Francois Truffaut, on the other hand, is a dyed-in-the-wool humanist, and he finds the humanity in pretty much everything he films. As warm as Godard is cold, he is everyone’s favorite New Waver. So many of his films are so well known, I’ve tried to find one for you that you probably haven’t seen, The Woman Next Door. It’s a late film and features Gerard Depardieu before he became a joke. He was then a great actor. 

Claude Chabrol was the most prolific New Wave director, with nearly 60 films under his belt. He was also the most conventional of the New Wave directors, turning his talents primarily to suspense and crime films, but seen in the fresh style of the New Wave. Le Boucher is probably his most characteristic film. 

Eric Rohmer may be an acquired taste. They are talky, and were made in series, one group called “Moral Tales,” and another called “Comedies and Proverbs.” Summer (in French Le Rayon Vert: “The Green Ray”)  is one of the Comedies and Proverbs. 

Jacques Rivette is another New Waver, and he is notable for the length of his films, and his patience. It can try the patience of his viewers, but not if you pay attention. My favorite film, La Belle Noiseuse, is four hours long and spends a lot of that time showing an artist drawing with a crow-quill pen on paper. I’m not letting that out of my house. 

But I’m going to suggest instead, Va Savoir, probably his most accessible film, that has a great part for Jeanne Balibar. Claude Berri has a supporting part as a librarian.

I only mention that because Berri is really a director, and The Two of Us is a great film, and probably the only one in which an anti-Semite comes across as lovable. Michel Simon is a force of nature and I recommend seeing any film he is in. 

Finally, two recent films. French cinema has long ago taken what it could from the New Wave and moved on to more contemporary themes. 

One of my favorite living directors is Patrice Leconte. The Hairdresser’s Husband is quirky and heartbreaking and stars Jean Rochefort. He’s great in everything he does. 

There are several women directors who should be included. My favorite is Agnes Varda, but I’m including here instead Fat Girl by Catherine Breillat. It can be rather brutal, but it is definitely worth seeing. 

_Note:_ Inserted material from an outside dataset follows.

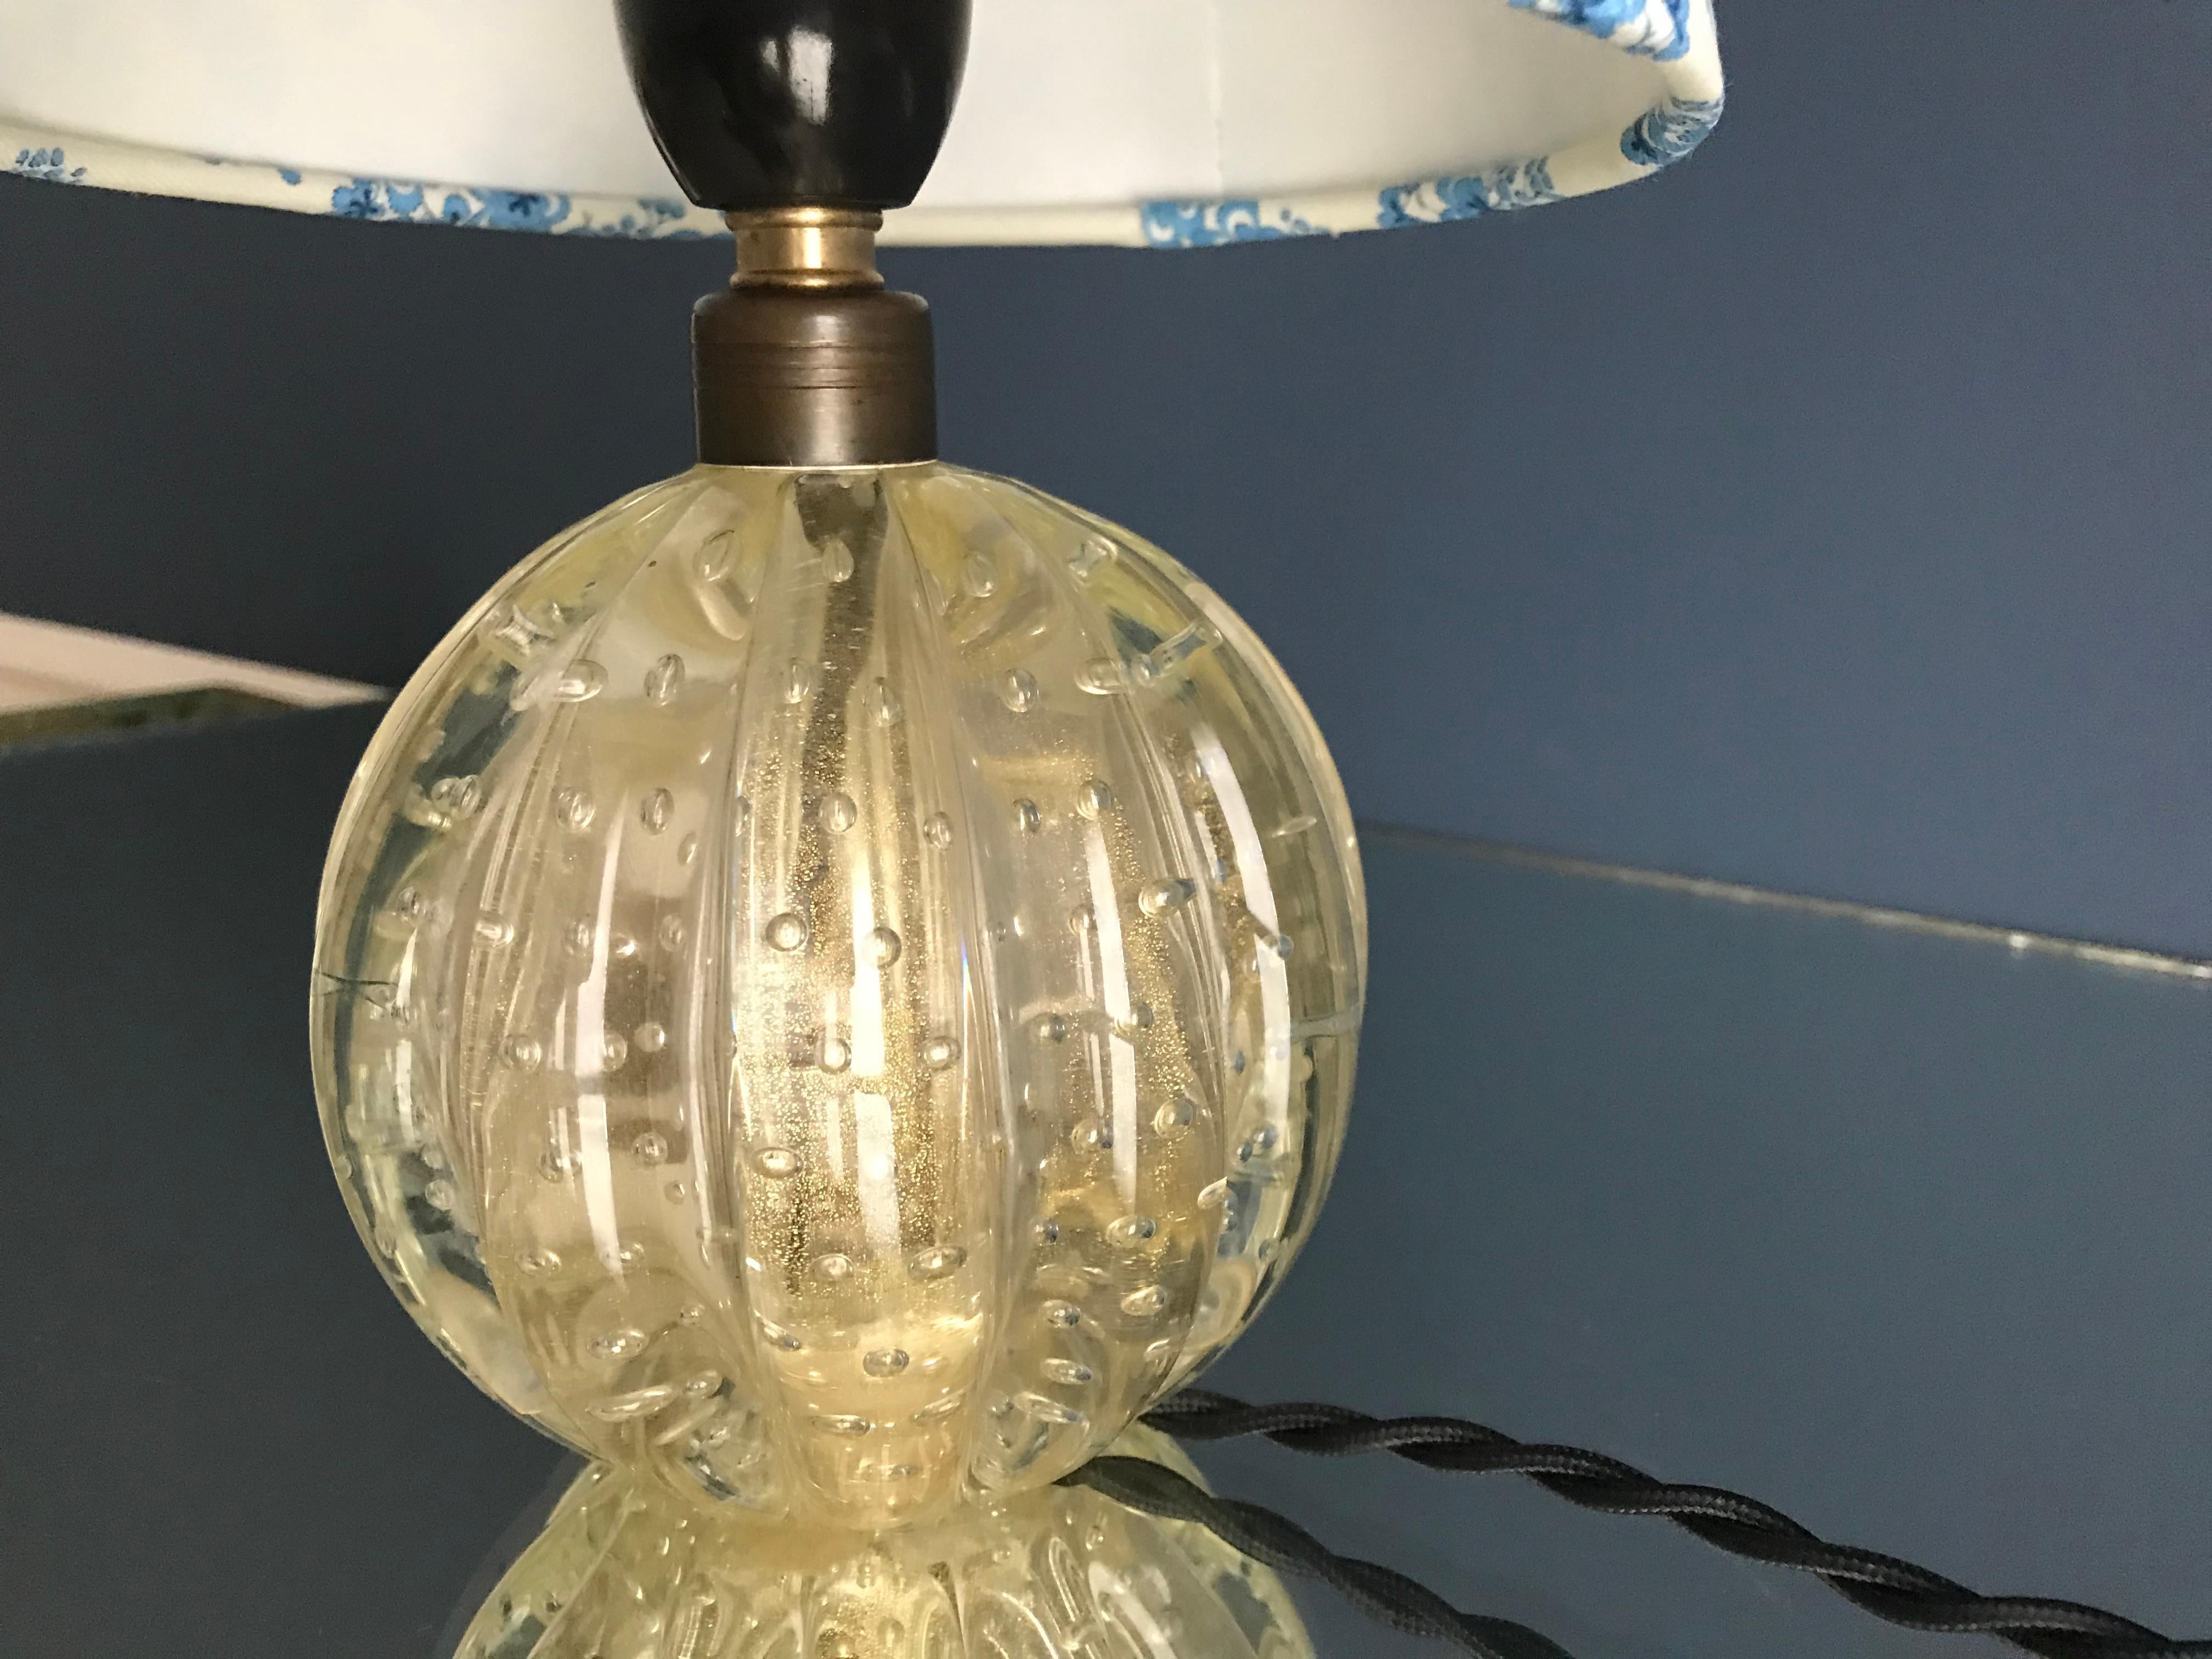 bespoke table lamp

Lastly, I’m including a musical. Yes, a musical. It is Francois Ozon’s 8 Women, and it features an “all-star” cast of great French actresses: Catherine Deneuve, Isabelle Huppert, Emmanuelle Beart, Fanny Ardant, Virginie Ledoyen, Danielle Darrieux, Ludivine Sagnier and Firmine Richard. This is like lining up Lauren Bacall, Judy Garland, Ava Gardner, Veronica Lake, Barbara Stanwyck, Lucille Ball and Marilyn Monroe, all in the same movie. It’s a doozy. 

I hope you enjoy all these. There’s plenty more to see, if these whet your appetite for Gallic filmmaking and if any of these directors particularly hits your buzzer, there are another five or ten films by the same maker. 

That’s your first 15 recommendations. But here are 25 or so more (I cheated. Some are trilogies, one is a pair). These are all films I love dearly:

Quai des orfevres by Henri-Georges Clouzot

La bete humaine by Jean Renoir

La ronde by Max Ophuls

Une femme est une femme by Jean-Luc Godard

Bob, le flambeur by Jean-Pierre Melville

Betty by Claude Chabrol

Le quai des brumes by Jacques Prevert

Monsieur Hire by Patrice Leconte

Le Trou by Jacques Becker

Mouchette by Robert Bresson

Mesrine: Public Enemy No. 1 by Jean-Francois Richet

Under the Roofs of Paris by Rene Clair

Man on the Train by Patrice Leconte

The Taste of Others by Agnes Jaoui

Vagabond by Agnes Varda

The Dreamers by Bernardo Bertolucci

The Marseille Trilogy by Marcel Pagnol, three films: Marius; Fanny; and Cesar

The Earrings of Madame de … by Max Ophuls

Trilogy by Lucas Belvaux, including: Cavale on the Run; An Amazing Couple; and After Life

La Vie en Rose by Olivier Dahan

The Widow of St. Pierre by Patrice Laconte

Inspecteur Lavadin and Cop au Vin by Claude Chabrol

Le Samourai by Jean-Pierre Melville

Shoot the Piano Player by Truffaut

Jet Lag – (Decalage Horaire) by Danièle Thompson

Sex is Comedy by Catherine Breillat

Ridicule by Patrice Laconte

I am deeply embarrassed by the films I have left out. If you have a favorite, please add them to the comments.